Notice of Pre-AIA or AIA Status
The present application, filed on or after March 16, 2013, is being examined under the first inventor to file provisions of the AIA .
DETAILED ACTION
Claims 1-20 are presented for examination.
Claims 1, 8 and 15 were amended.
This is a Final Action.
Response to Arguments
Applicant’s arguments with respect to claim(s) 1-20 have been considered but are moot because the new ground of rejection does not rely on any reference applied in the prior rejection of record for any teaching or matter specifically challenged in the argument.
Claim Rejections - 35 USC § 103
In the event the determination of the status of the application as subject to AIA 35 U.S.C. 102 and 103 (or as subject to pre-AIA 35 U.S.C. 102 and 103) is incorrect, any correction of the statutory basis for the rejection will not be considered a new ground of rejection if the prior art relied upon, and the rationale supporting the rejection, would be the same under either status.
The following is a quotation of 35 U.S.C. 103 which forms the basis for all obviousness rejections set forth in this Office action:
A patent for a claimed invention may not be obtained, notwithstanding that the claimed invention is not identically disclosed as set forth in section 102 of this title, if the differences between the claimed invention and the prior art are such that the claimed invention as a whole would have been obvious before the effective filing date of the claimed invention to a person having ordinary skill in the art to which the claimed invention pertains. Patentability shall not be negated by the manner in which the invention was made.
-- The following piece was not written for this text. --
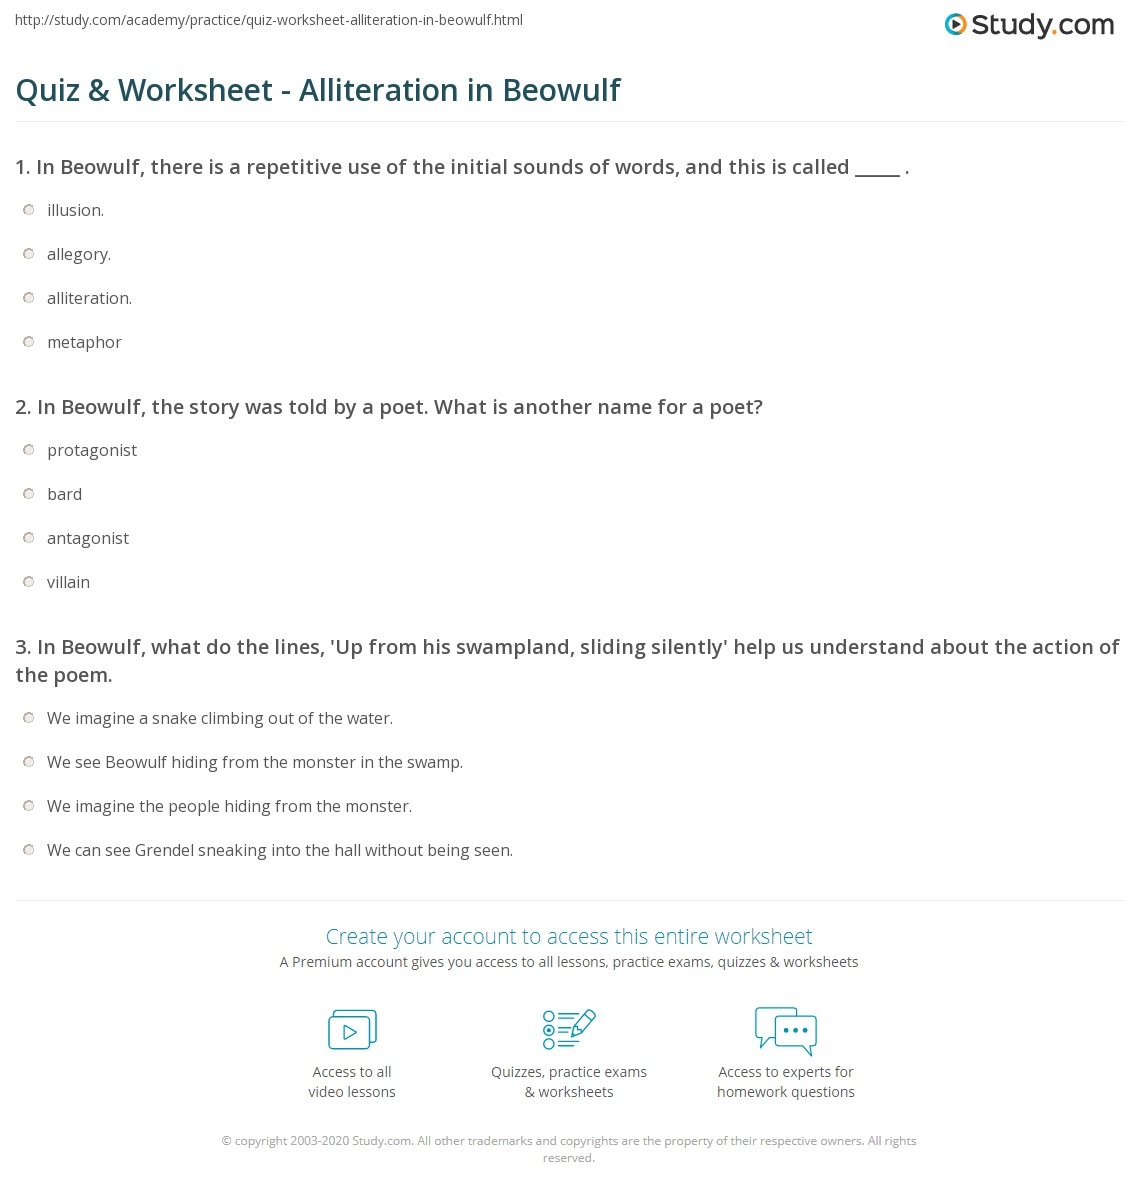 Quiz & Worksheet - Alliteration in Beowulf | Study.com

Claims 1-20 are rejected under 35 U.S.C. 103 as being unpatentable over Flaks (US 11,074,250) in view of Raymond et al. (US 20250013893) further in view of Bahrami et al. (US 11,609,748)
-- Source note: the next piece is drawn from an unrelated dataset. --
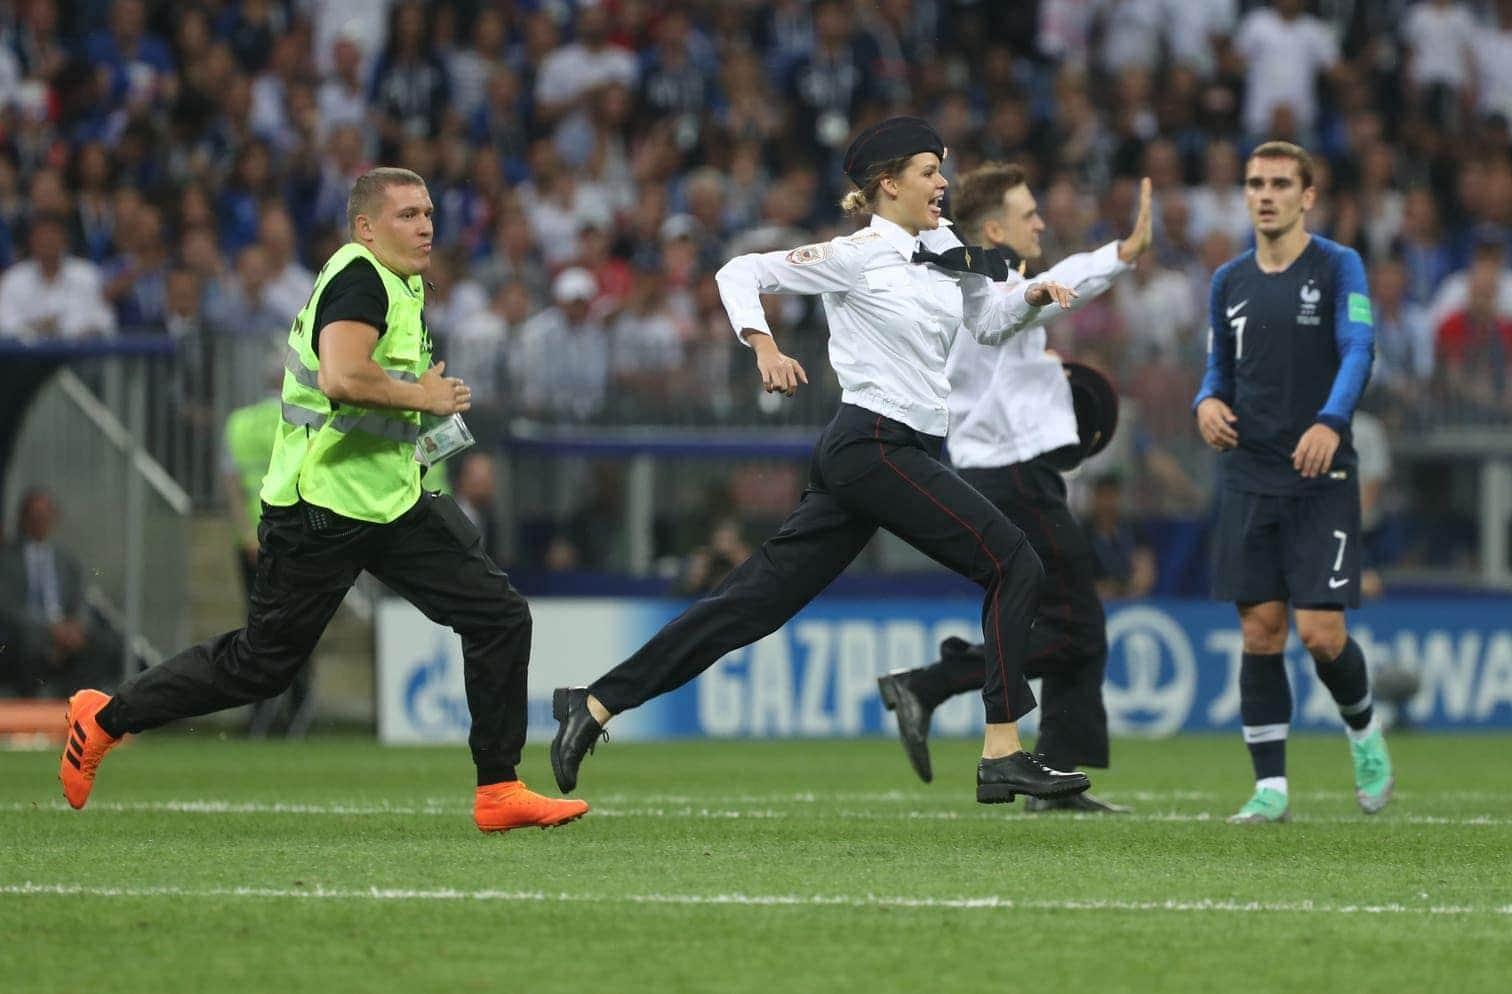 in der Mitte des Spielfelds den französischen Stürmer Kylian Mbappé abzuklatschen

1. Flaks teaches, A computer-implemented method, comprising:
receiving a user-provided prompt, wherein the user-provided prompt is provided in natural language (Col 3: Col 56-60 - teaches the system 100… receives a natural language query 110 from the system user 109 requesting information (e.g. data, reports, responses, etc). The natural language query may be specific question asked or a specific request made, by the system user 109 in natural language – describes receiving a natural language query from a user, Flaks);
performing a first retrieval augmented generation (RAG) process including retrieving first RAG data including natural language, programming syntax pairings from a vector database that have a first level of similarity with the user-provided prompt ( - teaches the information retrieval server receives a request for information from a user in the form of a natural language query – disclosing receiving a natural language query from a user, which corresponds to receiving a user-provided prompt in natural language, Flaks) and
generating a graphical user interface (GUI) that displays the response to the auto-generated prompt ( Col 38-67 to Col 2: lines 1-13 and Col 6: lines 4-13– teaches the answer generation processing logic… provides the system user with the retrieved information… formatted in a report or visualization – thus disclosing displays generated responses to the user via the system interface, Flak).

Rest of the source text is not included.